Recent Advances in Targeting ROS1 in Lung Cancer

Abstract

ROS1 is a validated therapeutic target in NSCLC. In a phase I study, the multitargeted MET proto-oncogene, receptor tyrosine kinase/anaplastic lymphoma kinase/ROS1 inhibitor crizotinib demonstrated remarkable efficacy in ROS1-rearranged NSCLCs and consequently gained approval by the United States Food and Drug Administration and by the European Medicines Agency in 2016. However, similar to other oncogene-driven lung cancers, ROS1-rearranged lung cancers treated with crizotinib eventually acquire resistance, leading to disease relapse. Novel ROS1 inhibitors and therapeutic strategies are therefore needed. Insights into the mechanisms of resistance to ROS1-directed tyrosine kinase inhibitors are now beginning to emerge and are helping to guide the development of new ROS1 inhibitors. This review discusses the biology and diagnosis of ROS1-rearranged NSCLC, and current and emerging treatment options for this disease. Future challenges in the field are highlighted.

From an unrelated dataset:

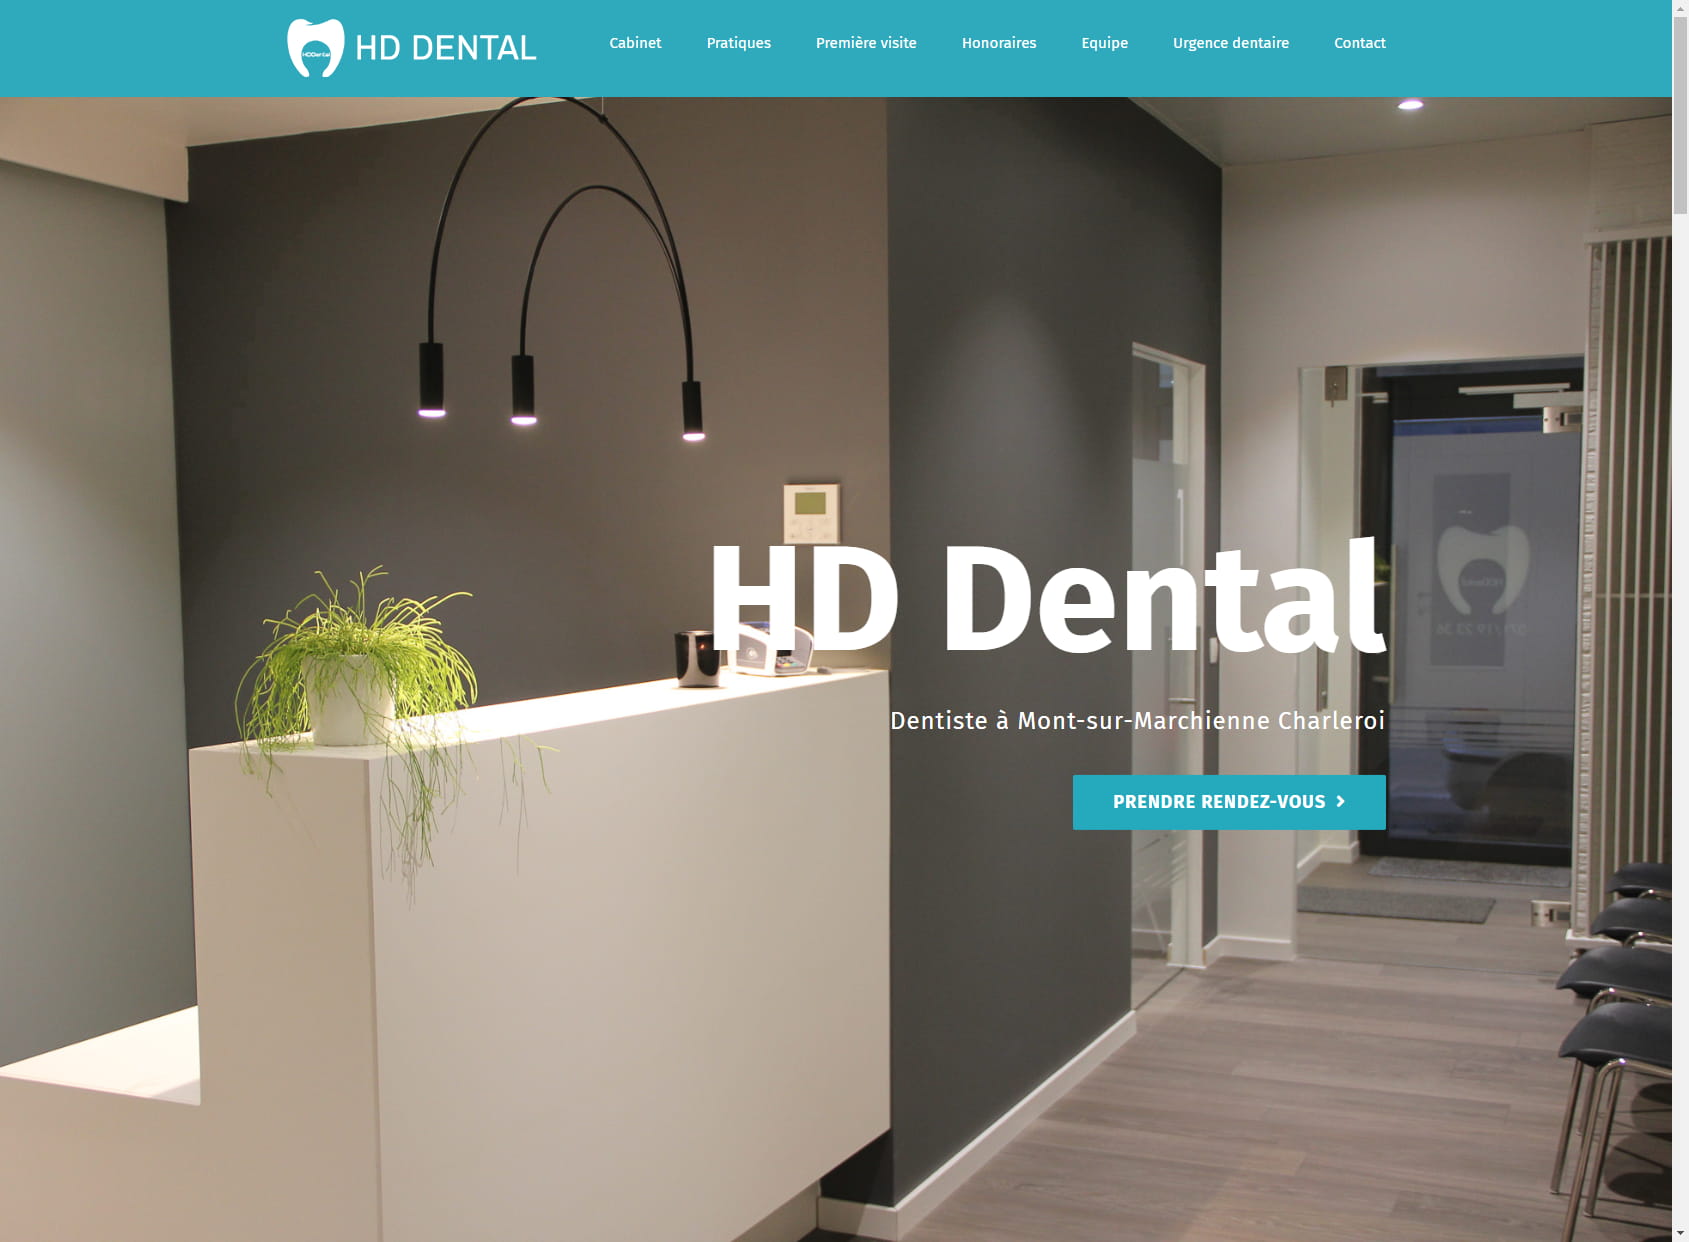 HD Dental Hadrien Duterme

Keywords: Crizotinib; Non–small cell lung cancer; ROS1 inhibitor; ROS1 rearrangement; Resistance.

Figure 1

Timeline of key advances in targeting ROS1 in lung cancer. Abbreviations: NSCLC, non-small cell lung cancer; ALK, anaplastic lymphoma kinase; FDA, Food and Drug Administration.

Figure 2

ROS1 rearrangements in non-small cell lung cancer (NSCLC). (A) Schematic representations of ROS1 fusion proteins described to date. Note that KDELR2-ROS1 is not shown, as the genomic structure of this fusion has not been published. Blue, ROS1 tyrosine kinase domain; purple, ROS1 transmembrane domain; green, coiled-coil domain. (B) Distribution of ROS1 fusion proteins by the reported frequencies in NSCLC. Each fusion protein listed under the ‘other’ category likely occurs in <1% of ROS1-rearranged NSCLCs, unless otherwise indicated. [Figure updated/modified from ref. .]

Figure 3

Clinical response of a ROS1-rearranged patient to crizotinib. (A) Axial (top) and coronal (bottom) computed tomography images of the chest before crizotinib. (B) Axial (top) and coronal (bottom) computed tomography images of the chest after 6 weeks of crizotinib, demonstrating a dramatic improvement in the left lung mass, bilateral pulmonary nodules and pleural effusions.

Figure 4

Crizotinib-resistant ROS1 mutations. (A) Crizotinib-resistant secondary ROS1 mutations reported to date, mapped on the structure data of ROS1 kinase domain (left) in complex with crizotinib (PDB:3ZBF). Analogous ALK resistance mutations are mapped on the ALK kinase domain in complex with crizotinib (PDB:2XP2) on the right, revealing structural similarities. Note: The ALK mutation analogous to ROS1 L1951R has not been reported and is therefore not shown. (B) The activity of ROS1-directed tyrosine kinase inhibitors against known crizotinib-resistant ROS1 mutations. This table is based on the available preclinical data, not all of which have been validated in the clinic.

Figure 5

Our approach to the treatment of advanced ROS1-rearranged lung cancer. After progression on first-line crizotinib, a repeat tumor biopsy is strongly recommended if feasible and safe, in order to determine the mechanism of crizotinib resistance. Liquid biopsy may be an alternative option if tumor biopsy is not feasible. The detection of a secondary ROS1 resistance mutation can inform the selection of next-line therapy. For example, in the case of a G2032R mutation, ROS1 inhibitors that have limited activity against G2032R based on preclinical data (see Figure 4B) should be avoided. In the absence of a ROS1 resistance mutation, options could include combination regimen trials or chemotherapy. Progression on/after crizotinib limited only to the central nervous system (CNS) may be effectively treated with a ROS1 inhibitor that has improved CNS penetration, such as entrectinib or lorlatinib. Of note, in the case of “oligoprogression” (i.e., progression in a limited number of metastatic sites) on first-line crizotinib, local ablative therapy could be considered with the continuation of crizotinib (see ref. 61).